# REQUIRED ACTION
Down to the last line below, write out every line exactly, starting with the one that contains "كل مراجعات ملاحق" and leaving out the pictures.

# TASK INPUTS
◆ ◆ ◆ ◆

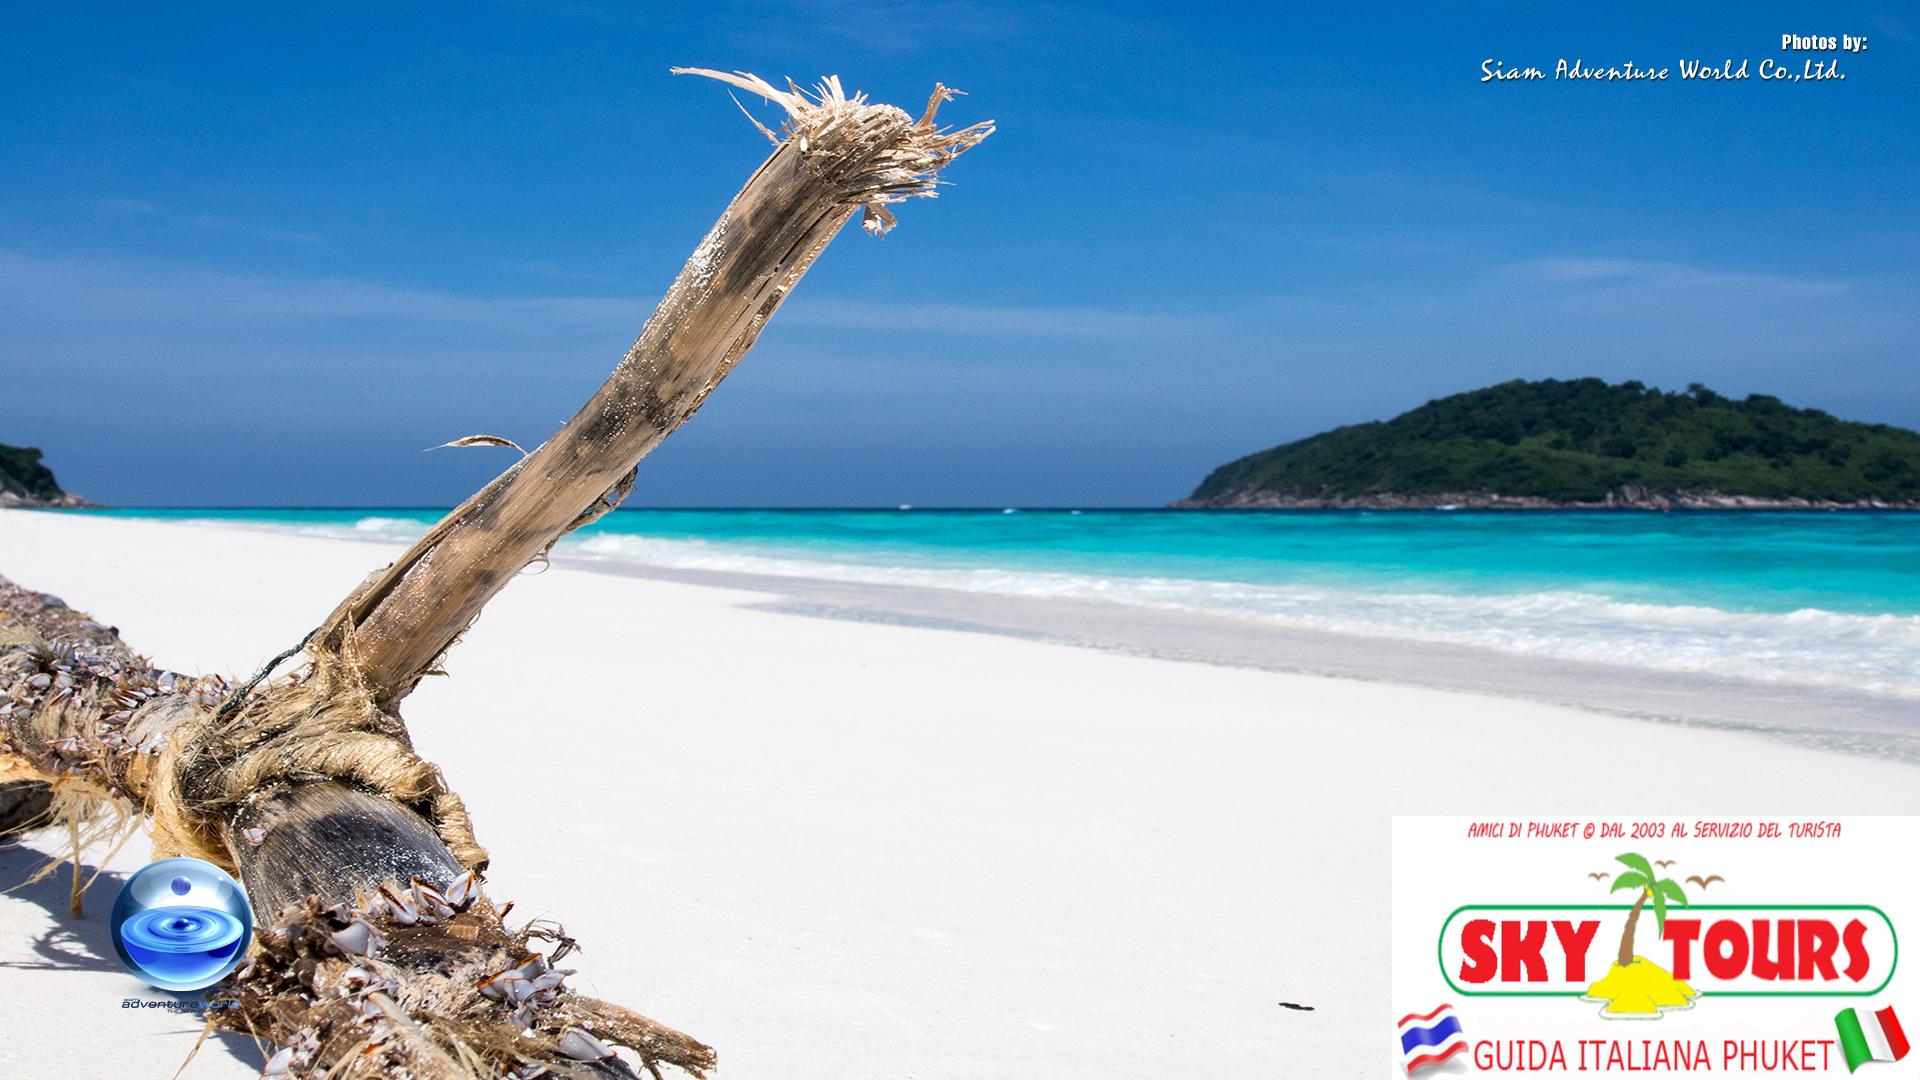 Giornale degli amici di phuket thailandia noi possiamo for Dormire a phuket
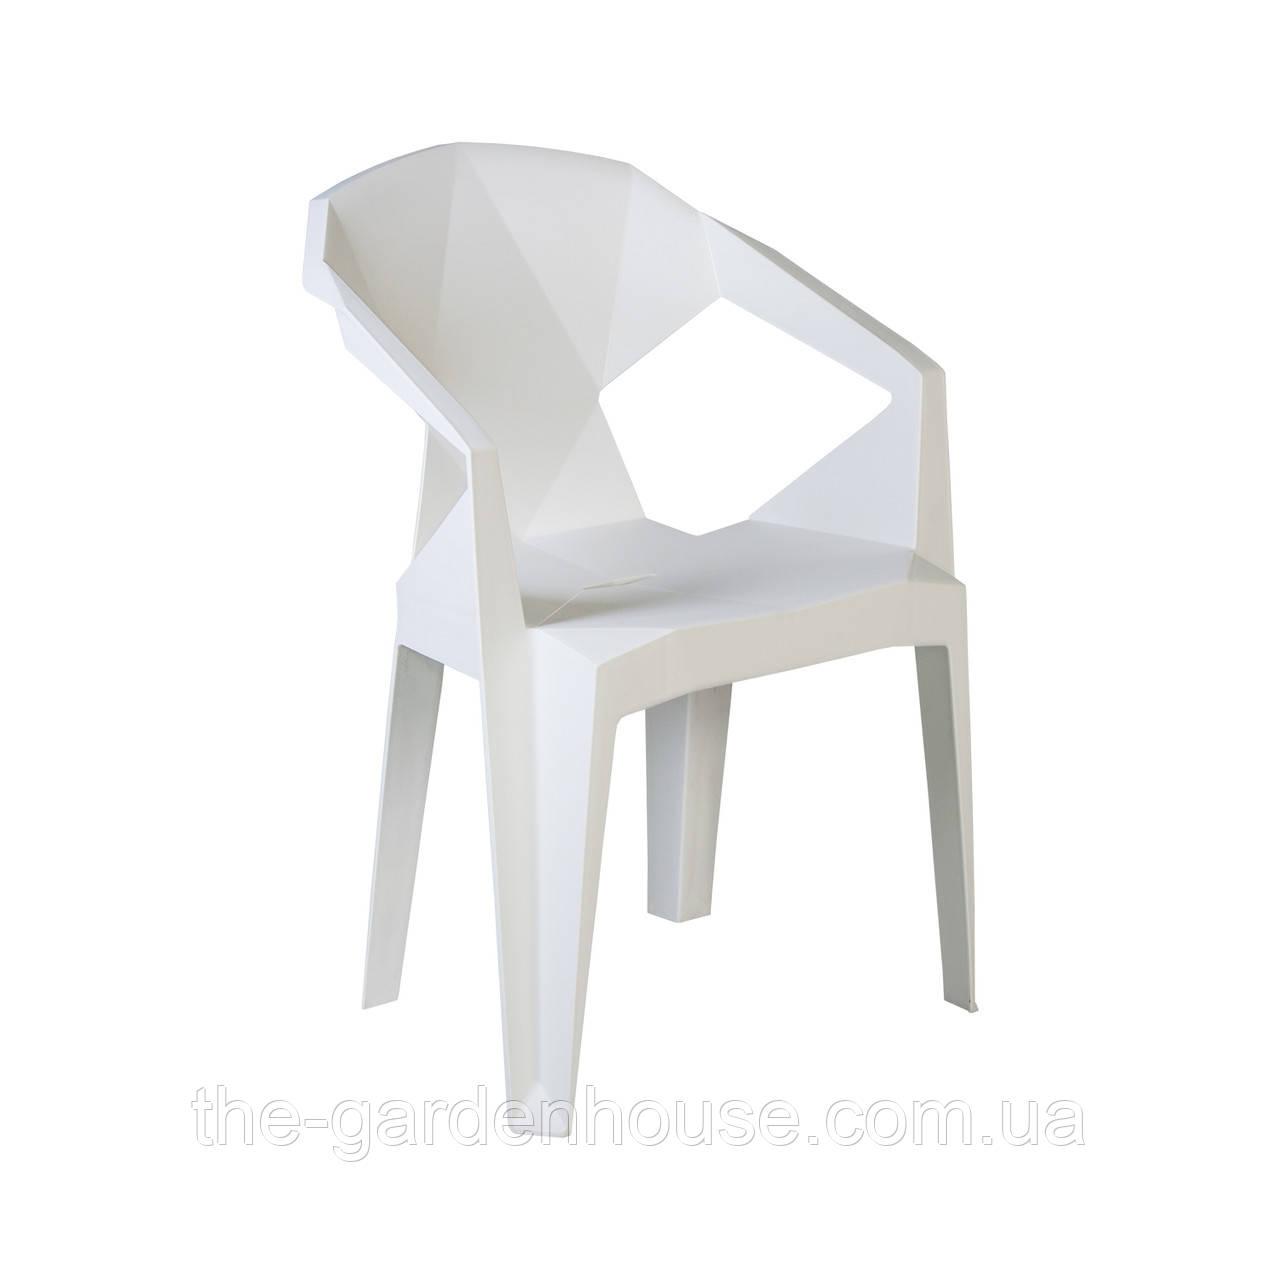 Пластиковый стул с подлокотниками Muze белый
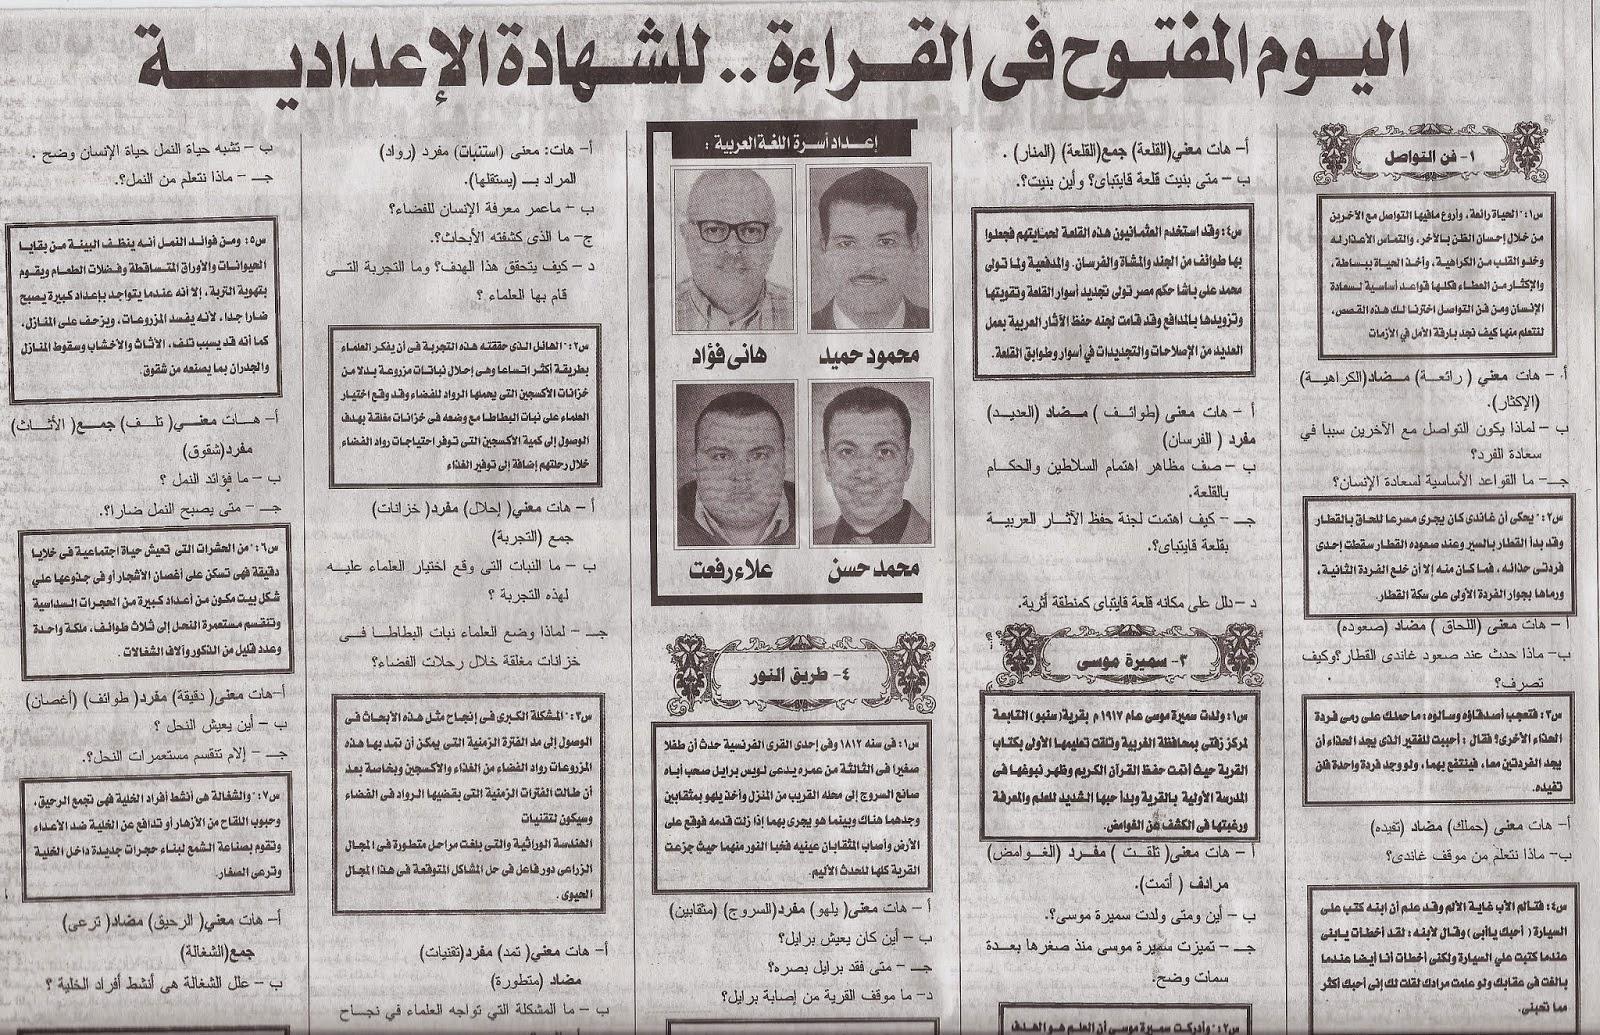 كل مراجعات ملاحق الجمهورية للترم الأول 2015 للشهادة الإبتدائية المنهاج المصري scan0062.jpg
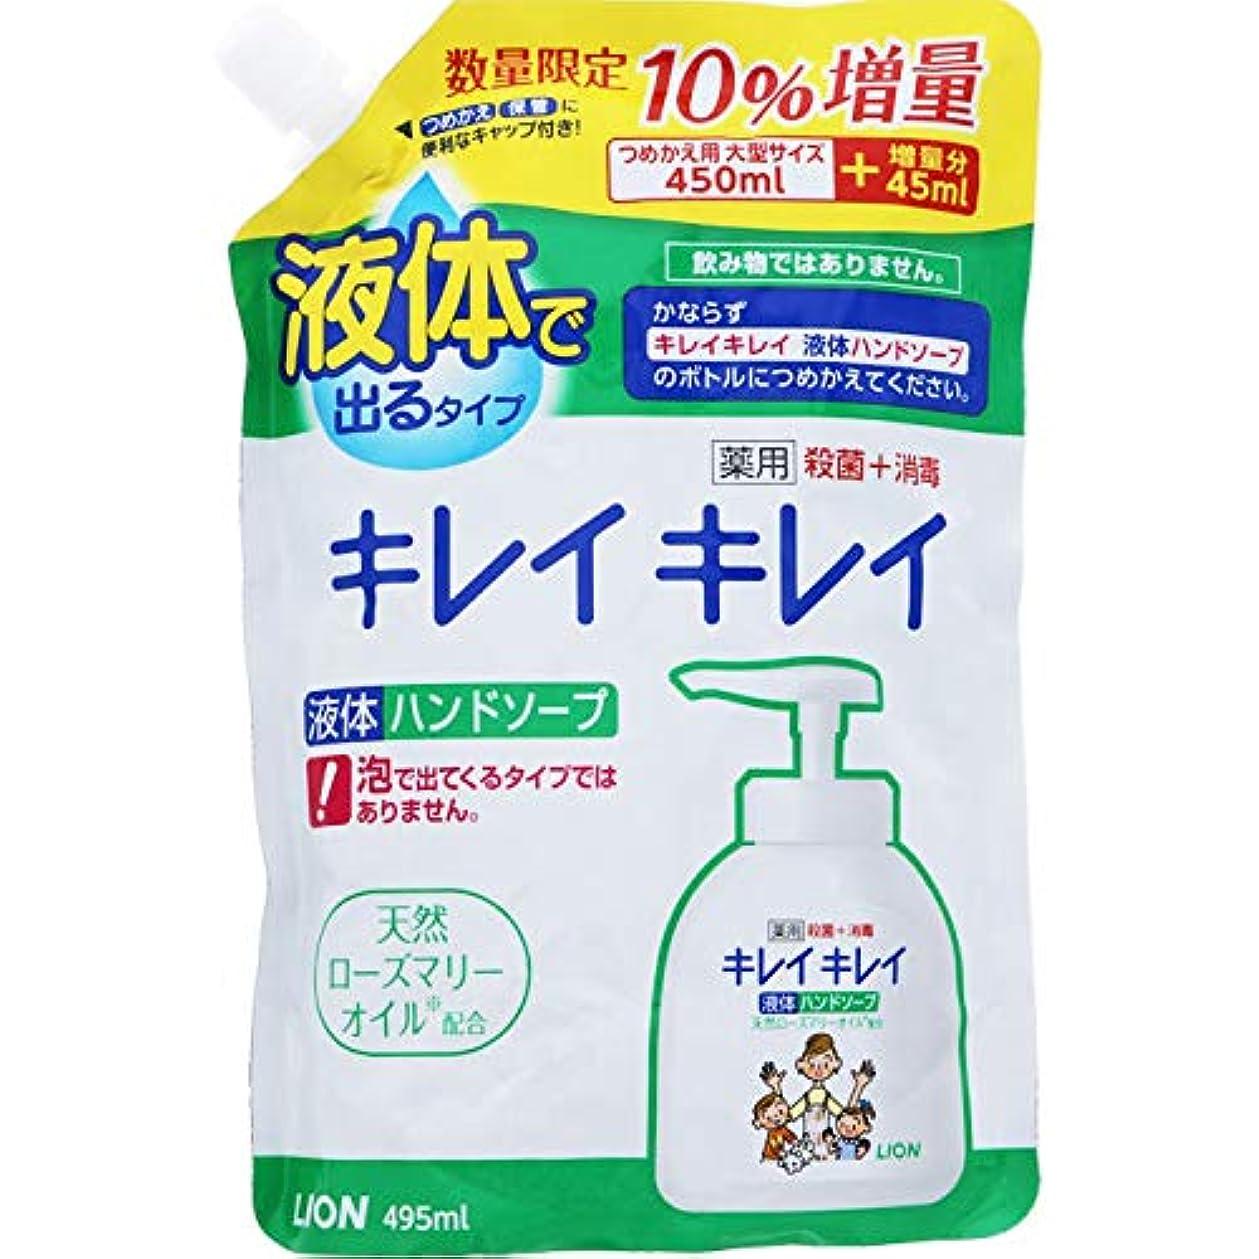 味方液体むき出しライオン キレイキレイ 薬用ハンドソープ 詰替用大型増量 450+45ml
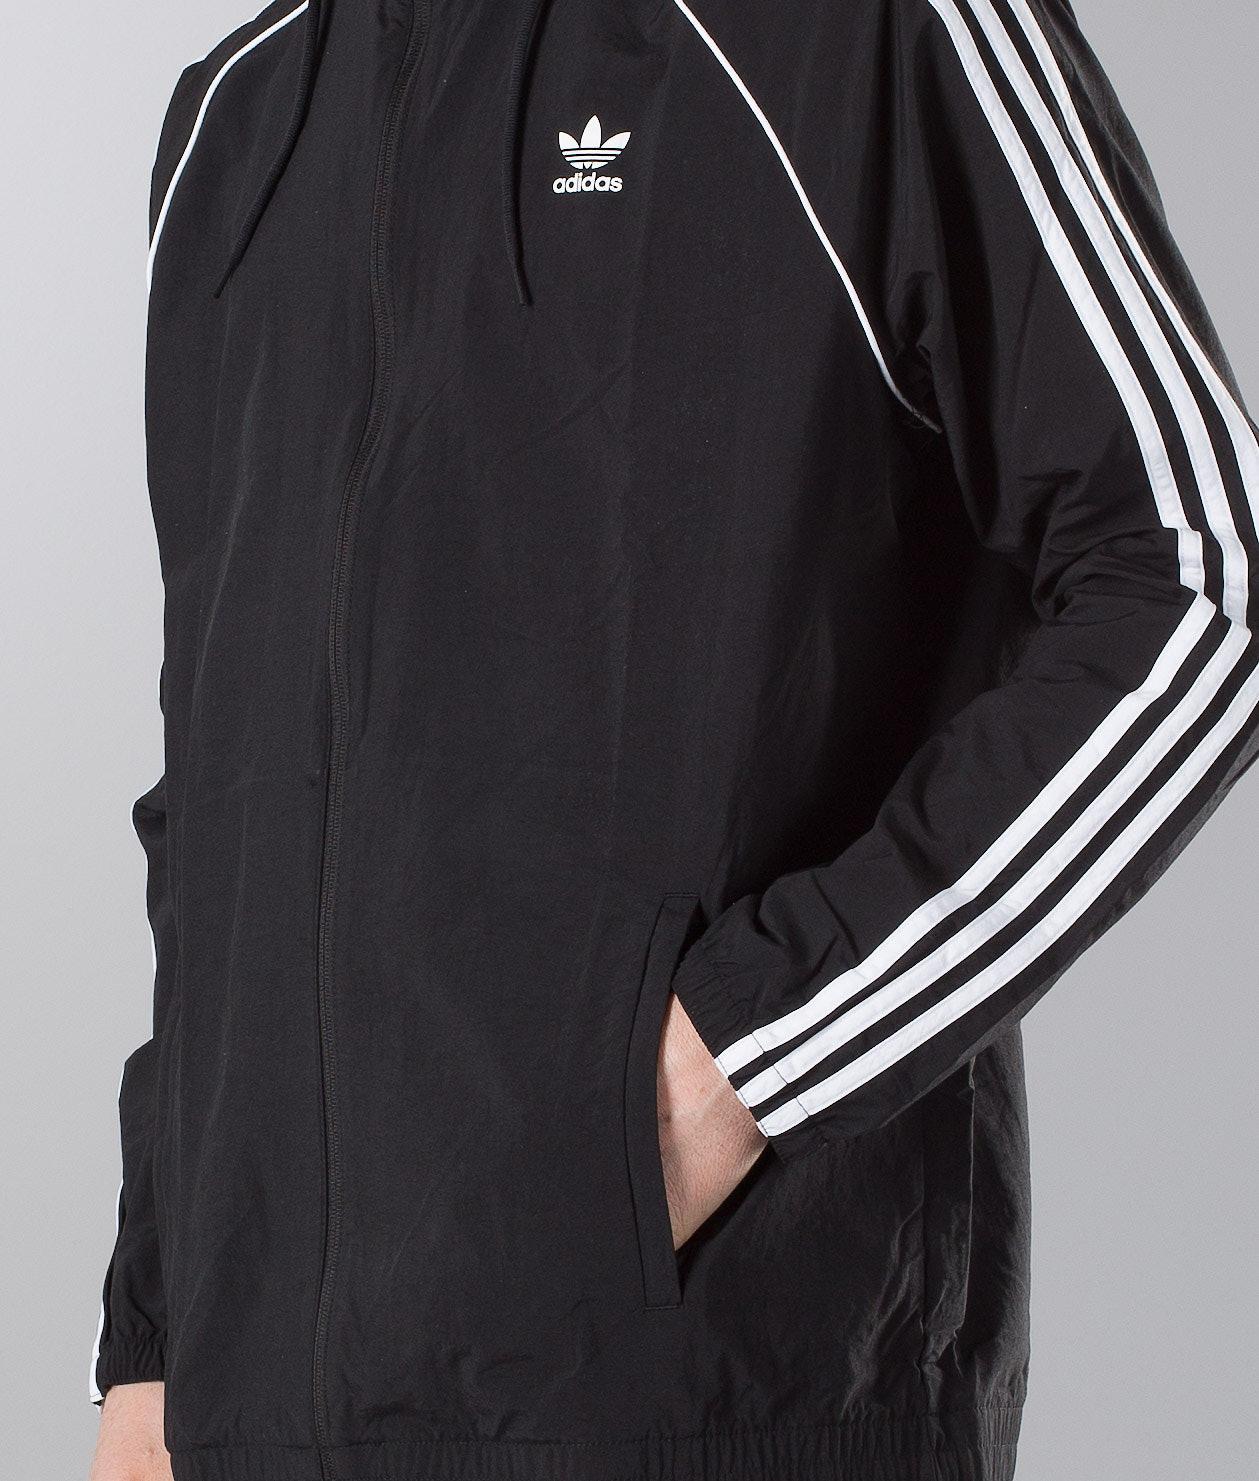 f41bd3b68 Adidas Originals SST Jakke Black

◆ ◆ ◆ ◆

# REPLY
 كل مراجعات ملاحق الجمهورية للترم الأول 2015 للشهادة الإبتدائية المنهاج المصري scan0062.jpg
 味方液体むき出しライオン キレイキレイ 薬用ハンドソープ 詰替用大型増量 450+45ml
 f41bd3b68 Adidas Originals SST Jakke Black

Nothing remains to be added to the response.